An example heartbeat error event:

{
  "level": "error",
  "ts": 1687431881.4542866,
  "caller": "app/main.go:179",
  "msg": "heartbeat",
  "agent\_id": "972a5b9d-d67e-4474-a3fb-1240cbfedd67",
  "error": "error response from server: <html>\\r\\n<head><title>504 Gateway Time-out</title></head>\\r\\n<body>\\r\\n<center><h1>504 Gateway Time-out</h1></center>\\r\\n</body>\\r\\n</html>\\r\\n",
  "stacktrace": "main.main.func4\\n\\t/go/src/app/main.go:179\\ngithub.com/apheris/node-agent/pkg/orchestrator.Client.GatewayHeartbeat.func1\\n\\t/go/src/app/pkg/orchestrator/orchestrator.go:155"
}
Notable events🔗
msg field level when description
"configuration" info once at startup agent configuration
"computation request" info for every computation request event the entire payload of the computation request event
"heartbeat" error for every heartbeat error event the error message and the stacktrace of the heartbeat error event

Data Access Layer (DAL) Logs🔗

The following examples are reformatted for readability.

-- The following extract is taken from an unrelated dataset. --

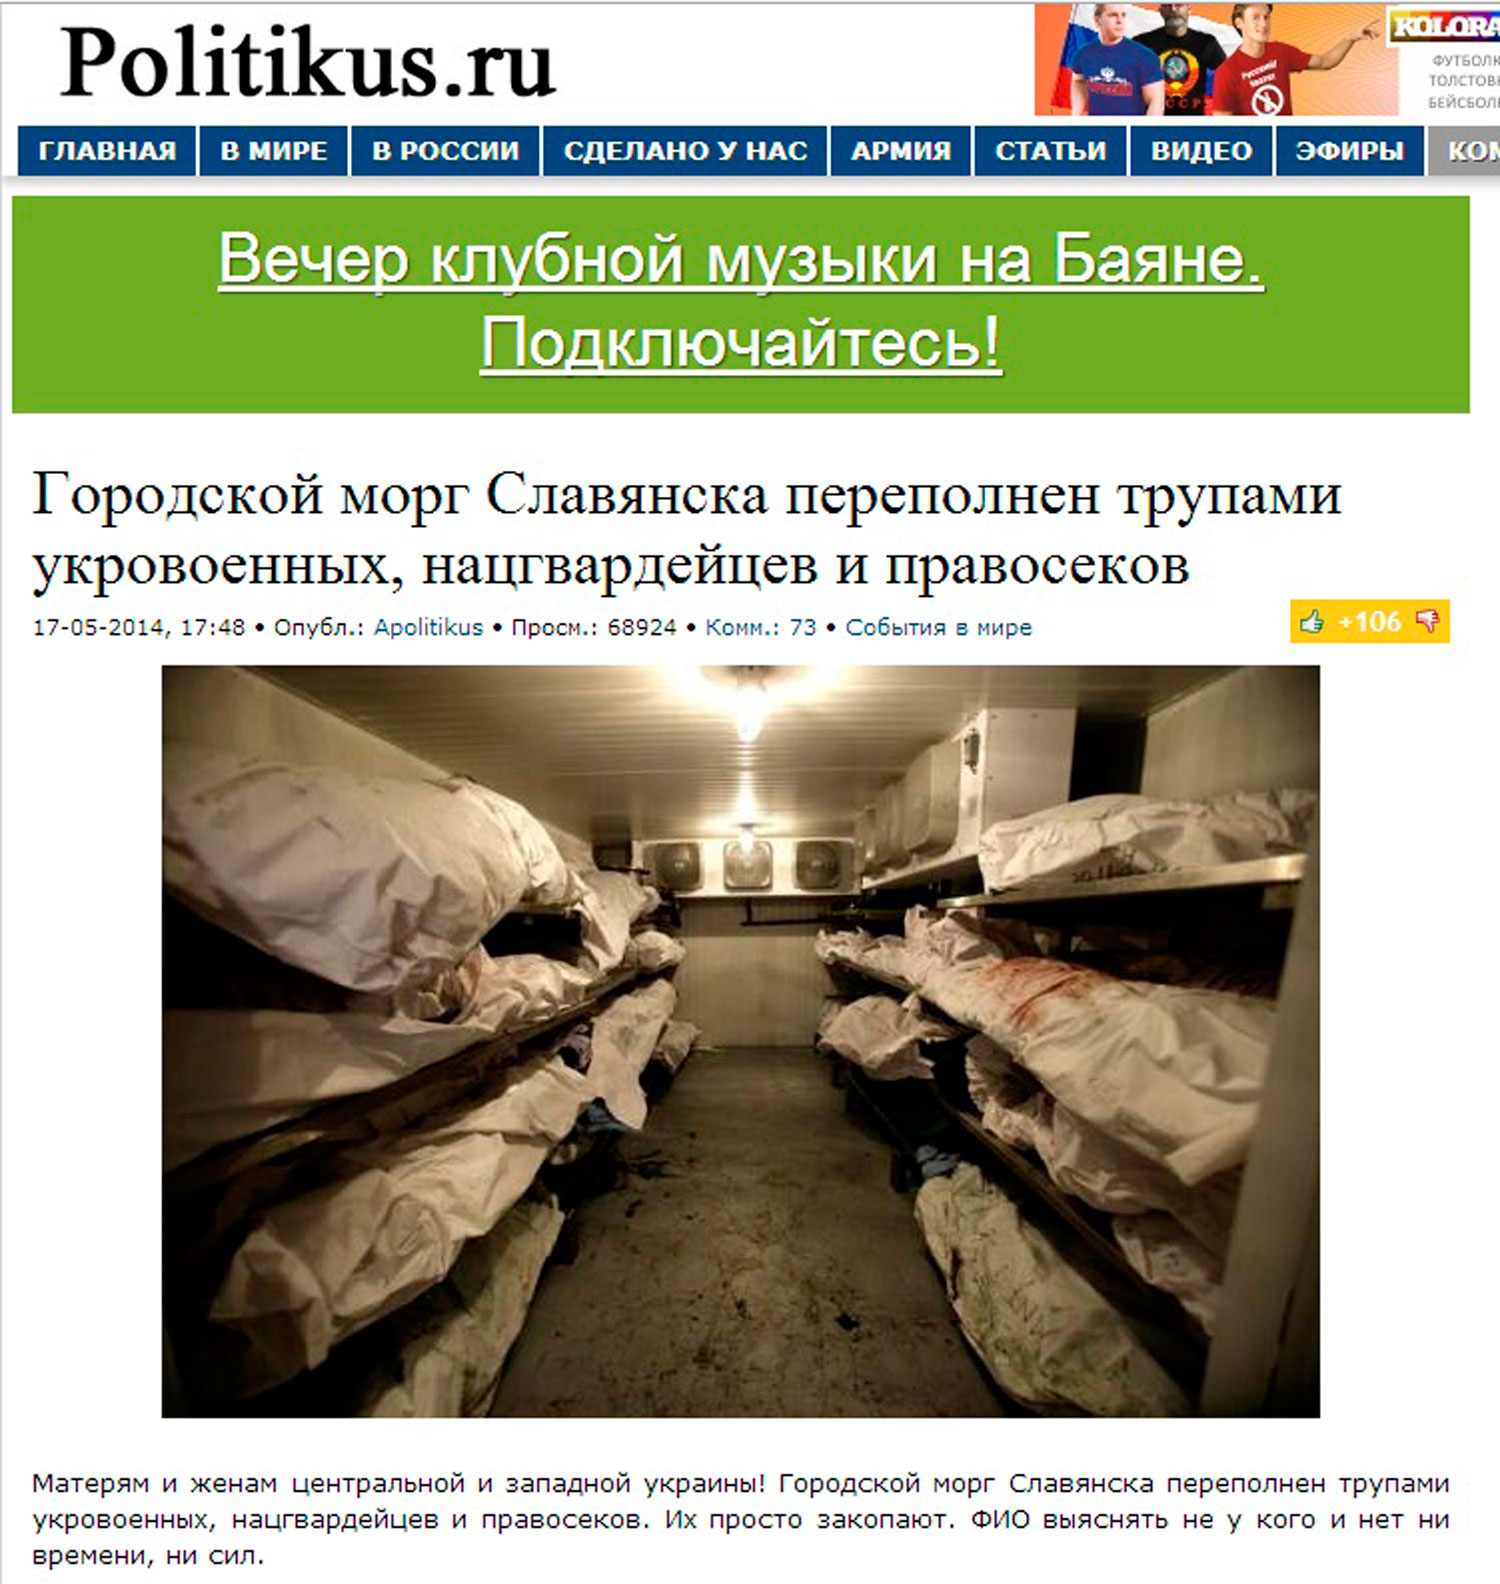 This photo published on politikus.ru claimed to show a morgue in Sloviansk overstocked with bodies of Ukrainian militants and National Guardsmen who were going to be buried as unidentified.

An example data access log event:

{
  "level": "info",
  "ts": 1709735744.1490877,
  "caller": "dal/http\_middleware.go:58",
  "msg": "request",
  "instance\_id": "64646a19-62f0-43c1-9c6a-30844a31f749",
  "http\_status": 200,
  "http\_method": "GET",
  "url": "/datasets/s3://apheris-tutorials-data/whas/worcester/data.csv",
  "request\_duration": 0.327430324,
  "error": ""
}
Notable events🔗
msg field level when description
"configuration" info once at startup agent configuration
"request" info for every request for a dataset that DAL (Data Access Layer) serves includes the dataset url (as url field)